I'm running a query to count the number of occurrences of each value on each column.
I've managed to accomplish this by running a for loop outside from SQL, but it is quite slow.
The source table looks like this:
Column 0 Column 1 Column 2 Column 3 Column 4
-------- -------- -------- -------- --------
111 AA BB CC DD
111 AA BBBBB CC DD
222 MM 3535 678 CHARLY
222 MM 3535 678a CHARLY
333 XX 8989 699 DAVIDaaa
333 XX 8989 699 DAVID
444 YY 456 351 MIGUEL
444 YY 456 351m MIGUEL
555 AA 963x 568 969zzzzz
555 AA 963 568a 969
This counts the number of occurrences of each column based on Column 0:
select
count(*) over ( partition by g.[Column 0] ) as Count0,
count(*) over ( partition by g.[Column 1] ) as Count1,
count(*) over ( partition by g.[Column 2] ) as Count2,
count(*) over ( partition by g.[Column 3] ) as Count3,
count(*) over ( partition by g.[Column 4] ) as Count4
FROM Diff g
WHERE [Column 0]='111'
ORDER BY [Column 0]
Which outputs:
Count0 Count1 Count2 Count3 Count4
----------- ----------- ----------- ----------- -----------
2 2 1 2 2
2 2 1 2 2
I'm manually changing the ID number on the WHERE [Column 0]='###'
statement, and then inserting the results into another table using another software.
Since a value can exist several times on each column, I need the number of occurrences of each value on the subset regarding one ID, followed by the number of occurrences of each value on the subset regarding the next ID, and so on.
This works efficiently with a couple thousand of rows, but takes a lot of time when processing 200k - 300k rows and 30 columns.

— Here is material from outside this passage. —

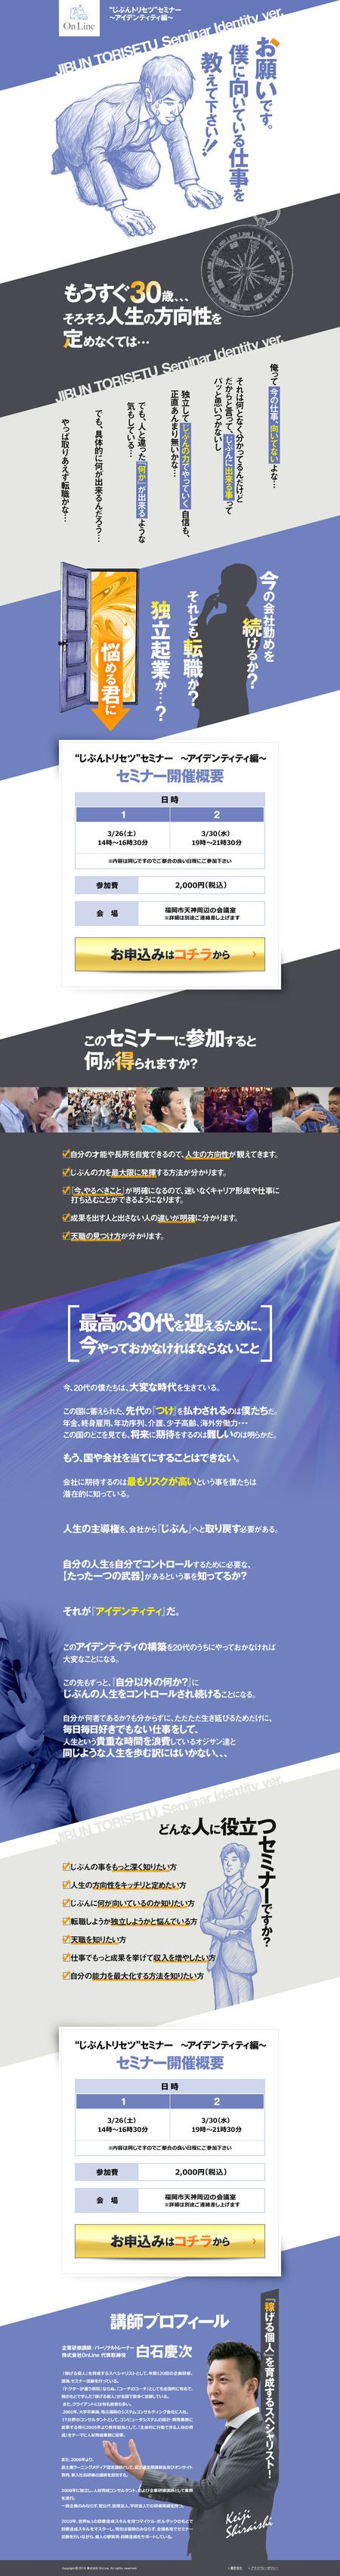 "houtokuさんの提案 - ""じぶんトリセツ""セミナー 〜 アイデンティティ編 〜 のセミナー申込ランディングページ | クラウドソーシング「ランサーズ」"
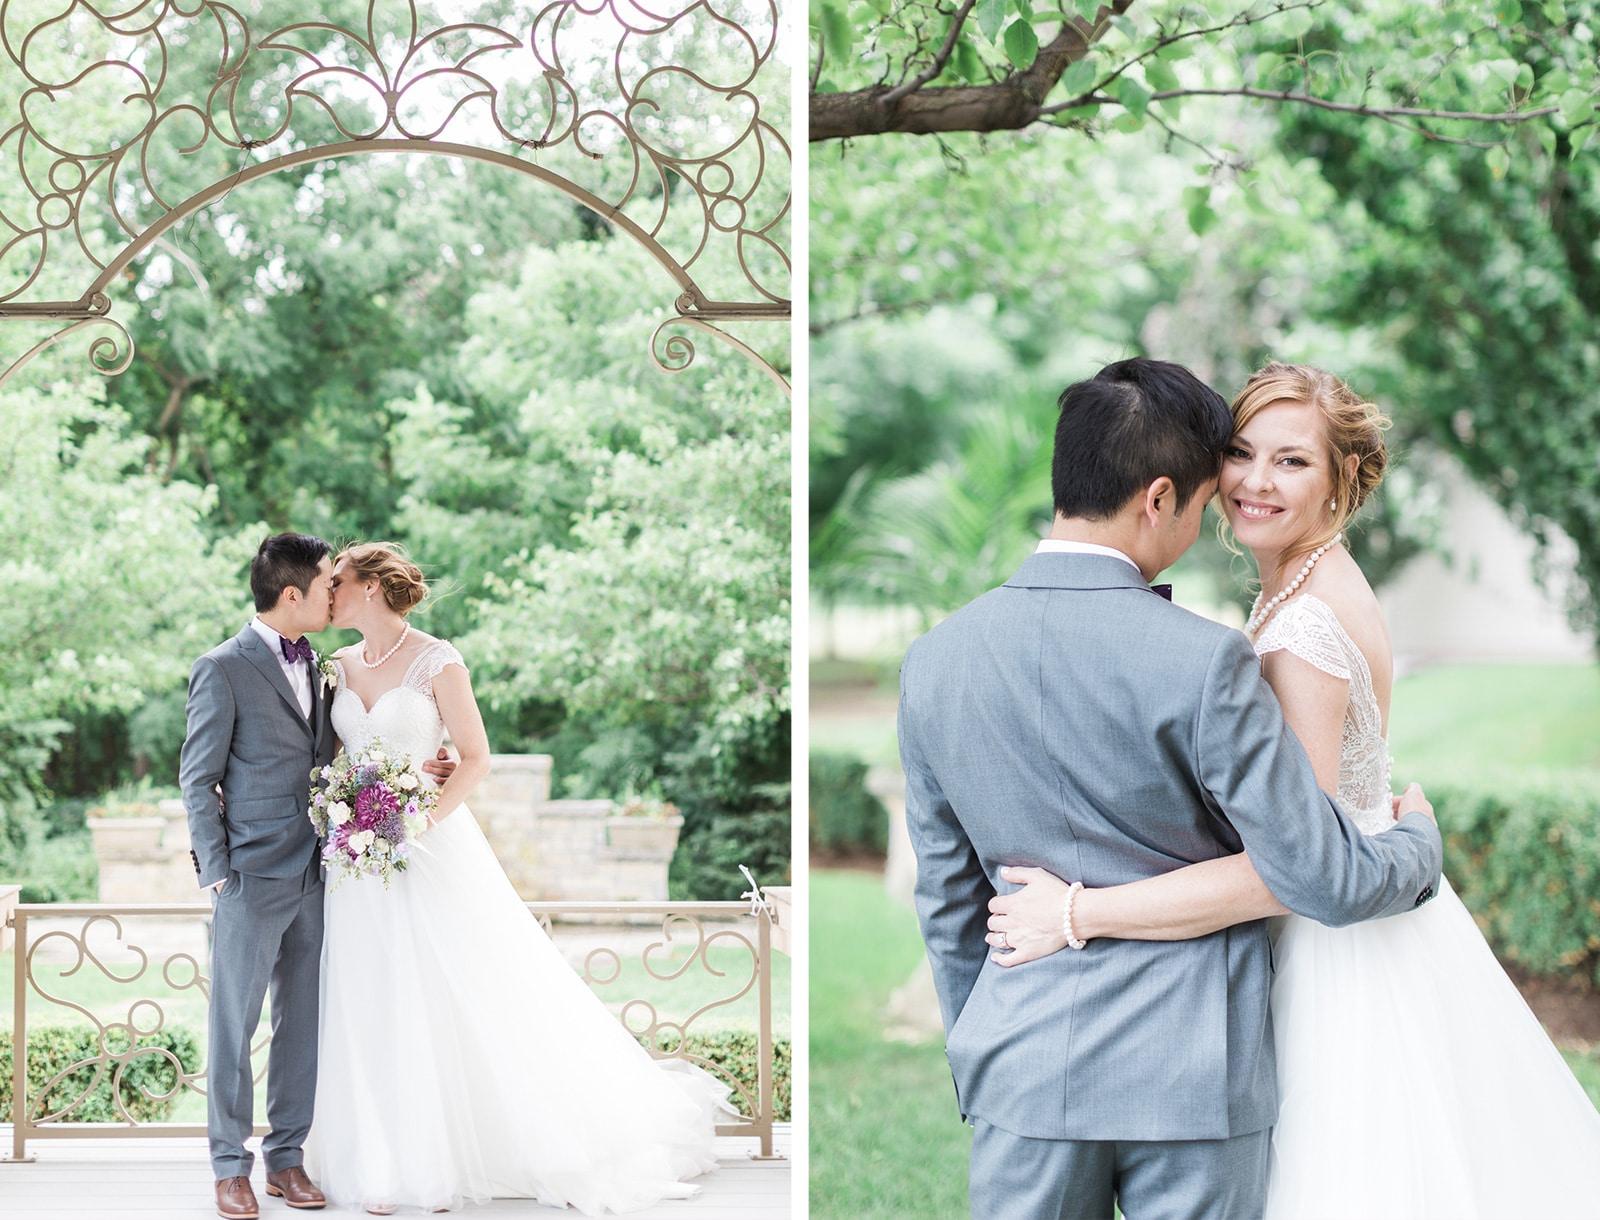 Outdoor Garden Wedding at Ascott Parc: Allison + Jason

I'm sure there is a smarter and more efficient way to recursively run that count-query on every distinct row on Column 0.
The result I expect looks like this:
Column 0 Column 1 Column 2 Column 3 Column 4
-------- -------- -------- -------- --------
2 2 1 2 2
2 2 1 2 2
2 2 2 1 2
2 2 2 1 2
2 2 2 2 1
2 2 2 2 1
2 2 2 1 2
2 2 2 1 2
2 2 1 1 1
2 2 1 1 1
Any smarter alternative to achieve this?